Internet Cafés dying a slow painful death

04th October 2017
BAD BUSINESS: Internet Café’s are no longer profitable. Source:The Midweek Sun


By Keikantse Lesemela - Reporter

As the country is rapidly catching up with Information Communication Technology developments, Small Medium Enterprises in the Information Communication Technology industry are not benefiting from the developments. Recently visiting the Internet service providers operating as the Internet Cafes, The Midweek Sun learnt that since the introduction of smart phones Internet business has been gradually going down. Available figures from Botswana Communications Regulatory Authority indicate that Botswana has one of the highest record of mobile penetration at 176 percent, internet users stand at 21.4 percent while the fixed line telephony services stand at 8.2 percent.

Gaopalelwe Bodietswane, a youth who has operated an Internet café since 2008 in Kanye, said Internet business is no longer profitable due to the use of smartphones. “Internet services business is as good as non-existent because people are now accessing Internet through smart phones. In a week we can have three or five people,” said Bodietswane. He said in the first five years they used to have about 100 customers in a day.

They are currently making money through printing and photocopying services. Customers who come to use the Internet are only those who are doing online applications, but they are very few. In a week we make around P50 from internet services, sometimes we can make money from helping customers to install applications into their mobile phones, that’s when we can make around P100 in a day,” said Bodietswane.

Bodietswane is using Botswana Telecommunications Corporation (BTC) Internet connection offering both LAN and Wifi to customers. He said the free Internet provided by the village library has also contributed to the decline of their business. Currently BTC Hotspots have not yet been deployed in Kanye and there are about four internet cafés in the village. Shanthi George who started the business in 1999 said she used to have more than 100 customers per day but they have since reduced to less than five or none these days. She said if the government wants to provide free Internet access to customers they should come up with a proper strategy that does not kill the small businesses.

“As the Internet accessibility is now available to everyone everywhere our businesses are collapsing. Most of these businesses are operated by the youth so if their businesses collapse what will happen to them?” asked a despondent George. Another Internet Café operator, Thabang Kamodi said the internet service is not a profitable business. He said he is currently making money through photocopying and printing. “Internet service does not make money at all we are only operating the printing and photocopying services.

In a week we make less than P100 from internet users. People are now accessing internet from smart phones,” he said. In 2015 Botswana Fibre Network (BoFiNet) deployed Internet infrastructure (Fibre To The X) to provide Wifi connectivity in strategic areas around the country. The Wifi infrastructure was meant to ensure that Public Telephony Operators (PTOs) and Internet Service Providers (ISPs) are able to respond to their customers’ mobility and trends, at affordable and competitive prices with the highest level of quality of service and customer experience.

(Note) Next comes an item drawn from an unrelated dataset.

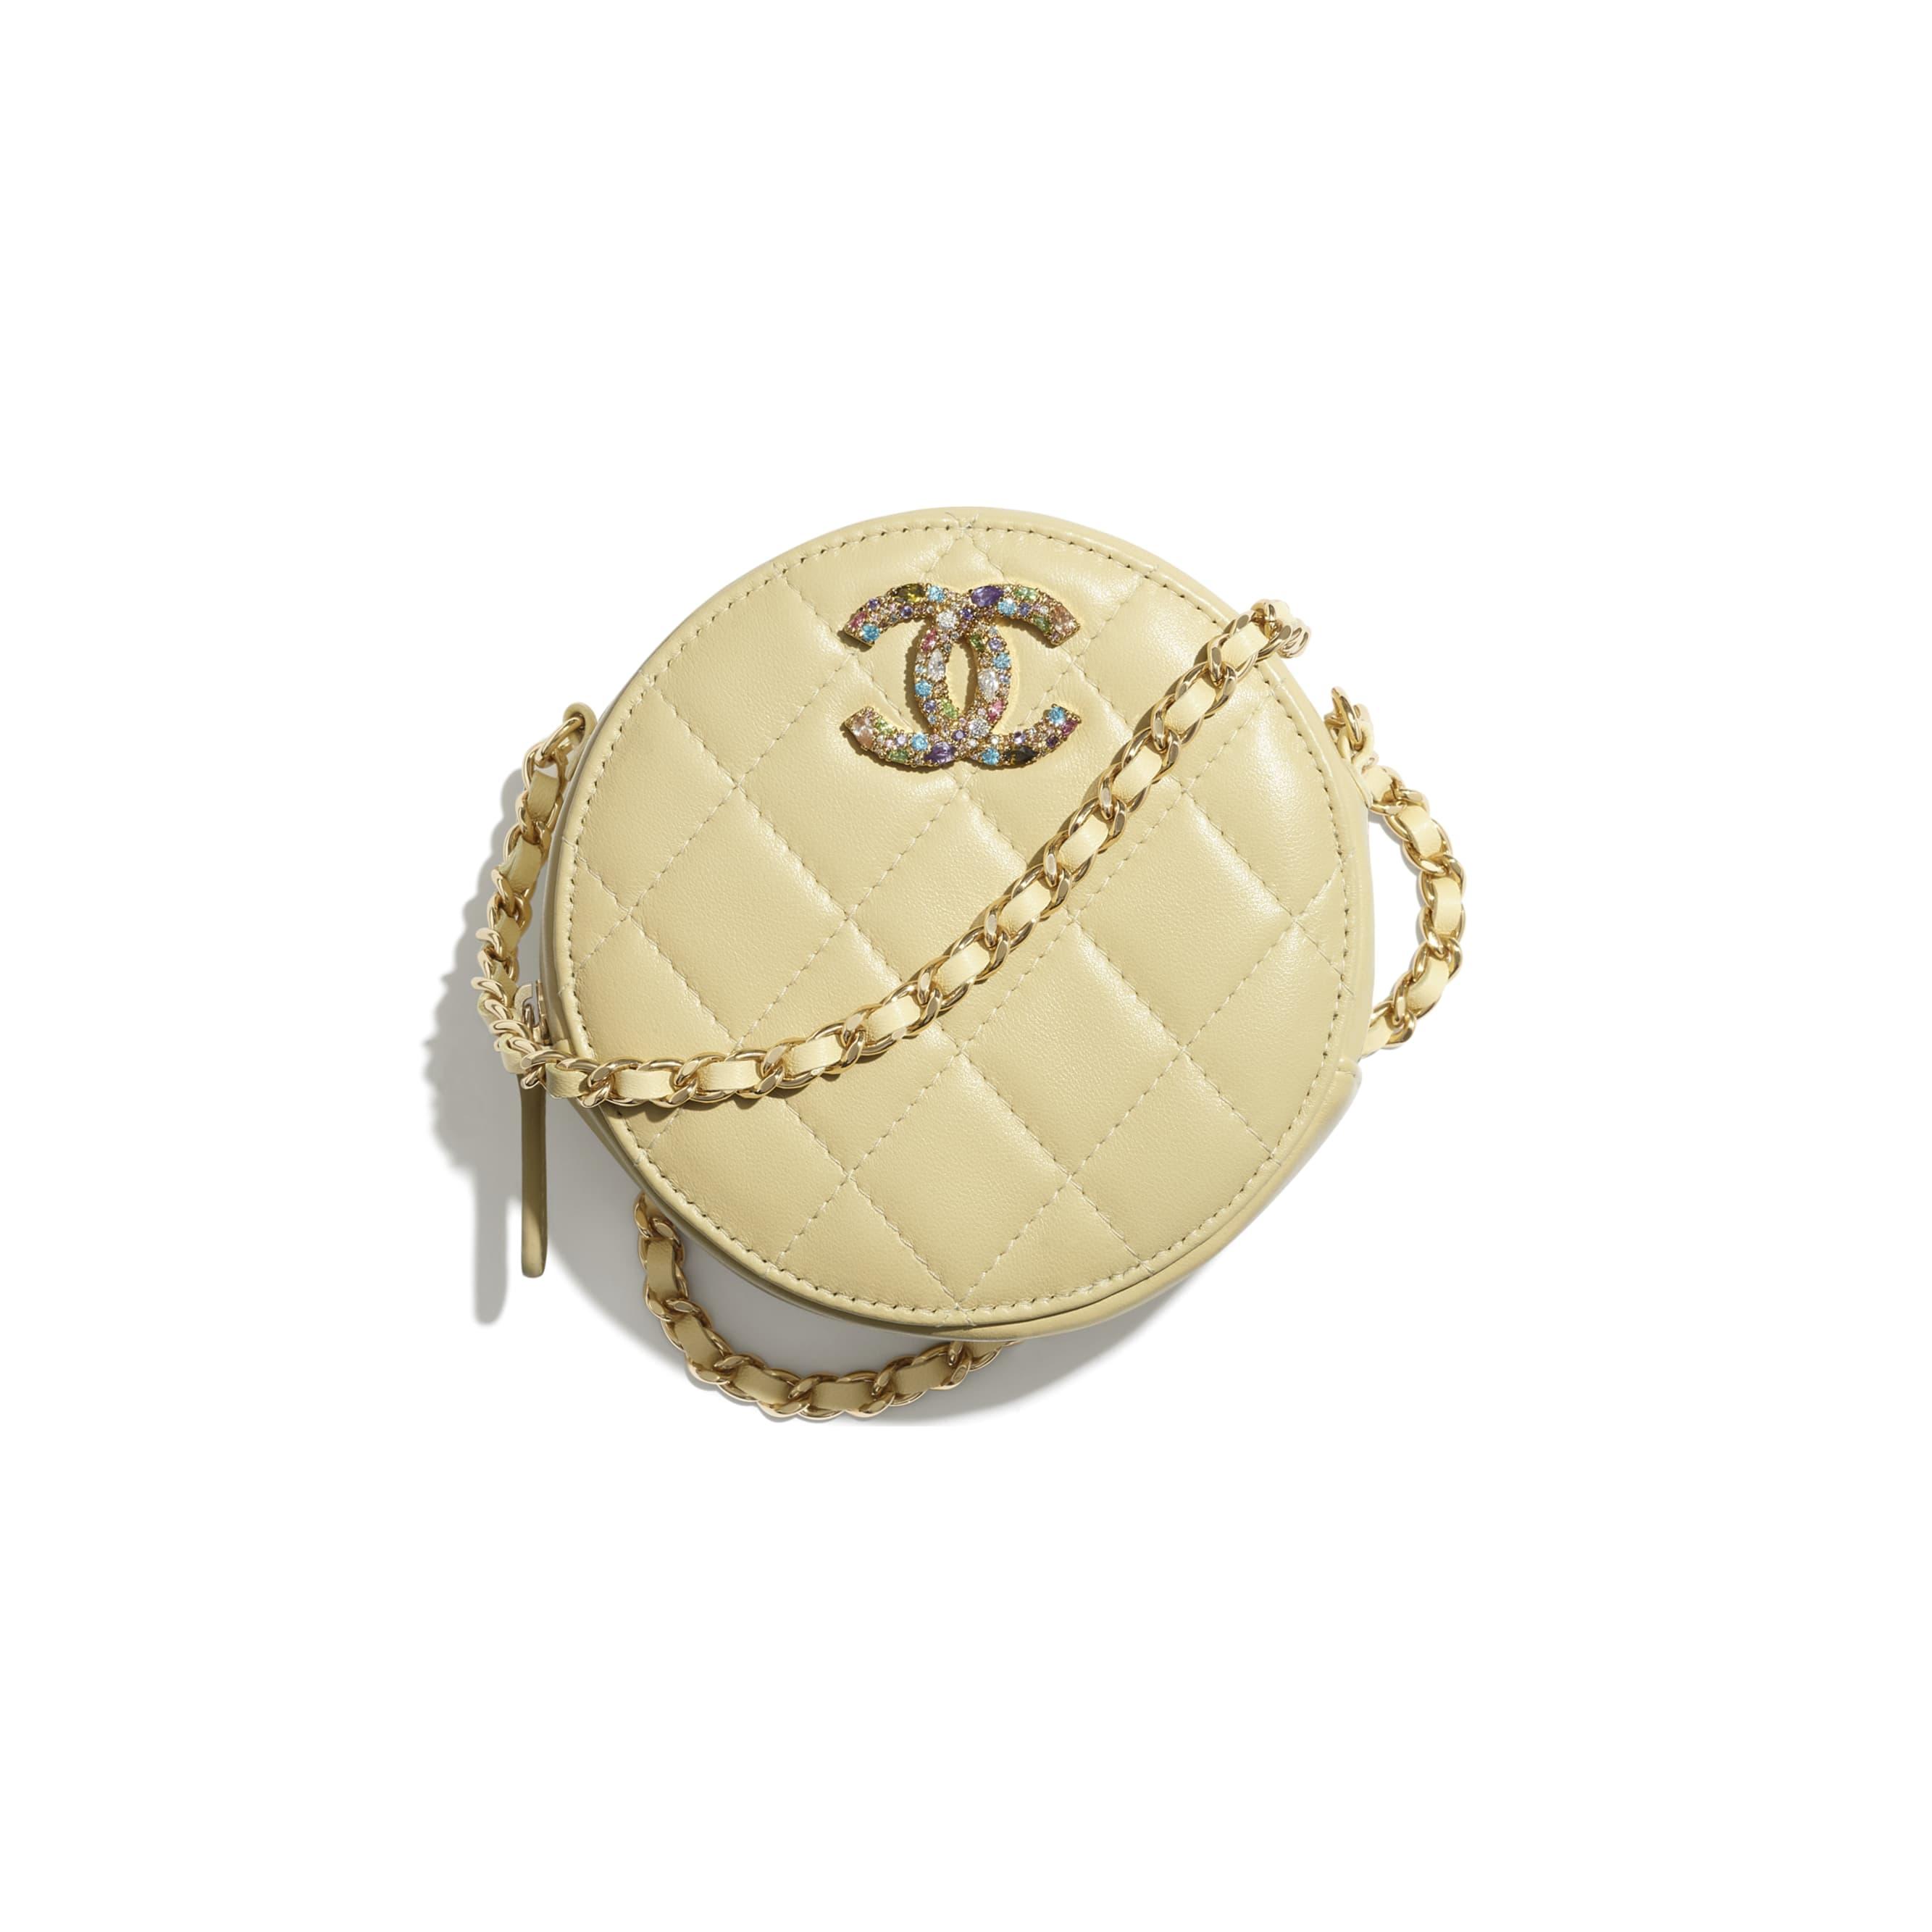 Clutch Com Corrente - Amarelo - Pele de cordeiro, zircónio & metal dourado - CHANEL - Vista predefinida - ver a versão em tamanho standard

BoFiNet Chief Executive, Mabua Mabua told The Midweek Sun that the market needs to continuously bring various ways that can allow consumers to enjoy to the fullest capacity. “We believe that as a country that has invested extensively in communications infrastructure and internet that comes into the country as a whole, the market needs to continuously bring various ways that can allow consumers to enjoy to the fullest capacity the potential that this infrastructure can deliver,” He said ideally, Public WiFi is one way of realising this return as it offers users the ability to access content and surf the internet affordably and conveniently. “The strategic areas selected thus far are highly populated locations, which means that the service reaches many and provides a wide range of benefits as intended. I believe the usage will continue to grow as more areas are covered and the market comes with innovative partnership initiatives that will translate to low cost for the consumer and increase penetration,” said Mabua.